Use tom barr's DIY Internal Venturi Reactor. Do a search in the forum and you should find it.

Regards,
Peter Gwee

----------


## hebi

> Hi, 
> 
> 1) No. As air escapes from the diffuser, water will enter the diffuser, you don't have to, and it is very difficult to fill it up beforehand. 
> 
> 2) Can't comment on this as I have never tried it before. 
> 
> My 2 cents is, you will probably be better off exploring other methods of diffusing your diy co2, can consider diy'ing a co2 diffusion bell?

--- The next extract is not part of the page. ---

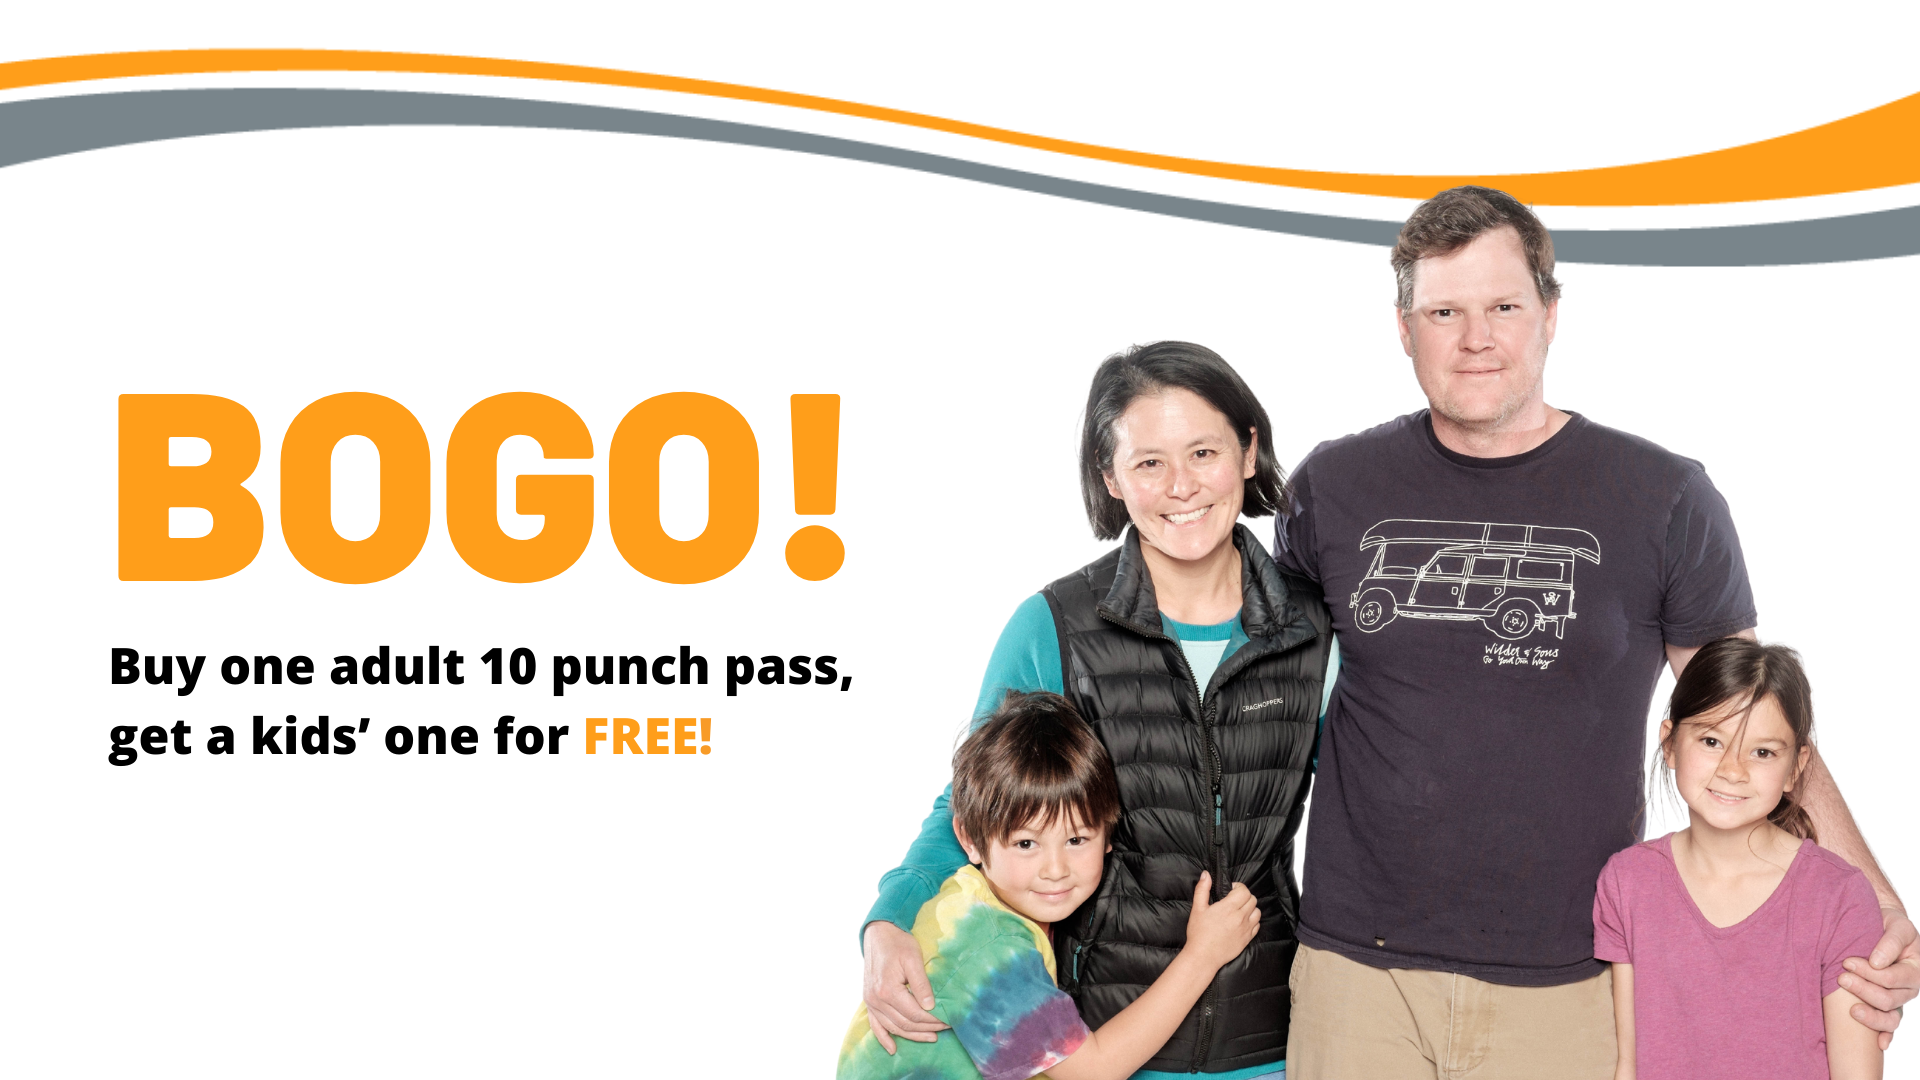 BOGO! Buy an adult 10 punch pass, get a kids pass for FREE!

i have tried that before. but the diffusion rate is slowwwwww. what do you guys think about using a limewood diffuser( requires less pressure but also produce small bubbles) with a bell method? because my tank is only 1ft so will like to keep things neat.

----------


## Shadow

Problem with diffuser is algae can grow on the surface and block it. Pressure will keep increasing and your bottle burst.

----------


## hebi

Good news!! :Grin:  i change my glass diffuser for a limewood diffuser and within 1min, tiny bubbles are coming out. its really small , almost like those from using ada diffuser. hope my spiky moss and moss ball can grow better after this. thanks all for your advices.

----------


## bossteck

Great to know that. Since you're using DIY co2, which I presume logically will be feeding your tank with co2 24/7, having too effective a diffusion method may not be a good thing after all. 

Cheers!

----------


## Aeon

Some diffusors need pressure to operate. Your DIY bottle probably wasn't pressurized enough to push the gas through the tiny pores of the ceramic plate.

----------


## hebi

seems like good things dont last long. :Sad: i woke up today and discover that no bubbles are coming out from the limewood :Exasperated:  i test if its working by softly squeezing the bottle and bubbles came out. reason could be the slimy stuff that is formed wif DIY CO2 that clog up the limewood or lack of pressure. shall wait and see.

----------


## tawauboy

what's the quantities of yeast and sugar did you use?
did you check if there are any leakages?

----------


## peter2883

I think you are better of with a CO2 reactor... You can try to find the external ones so that it does not clog up your tank...

----------


## Shadow

For DIY, in my opinion, fliper still the best. Even with externa reactor, depending on your pump flow rate, you have water pressure from your pump that agains your CO2 pressure.

----------


## hebi

i use 2 cups of sugar( cup around 10cm height and radius 2cm), 1/2 teaspoon yeast and 1 teaspoon baking soda in a 1L coke bottle. the yeast is still working, i can still it producing lots of bubbles. i have checked there is no leak. but i notice that bubbles are having a harder time just coming out from the tube if i place the opening of the tube facing the bottom. pressure i guess? think i will reuse the bell method till i get myself a pressurized CO2 tank at the end of the year after my A's  :Jump for joy:

----------


## juggler

> seems like good things dont last long.i woke up today and discover that no bubbles are coming out from the limewood i test if its working by softly squeezing the bottle and bubbles came out. reason could be the slimy stuff that is formed wif DIY CO2 that clog up the limewood or lack of pressure. shall wait and see.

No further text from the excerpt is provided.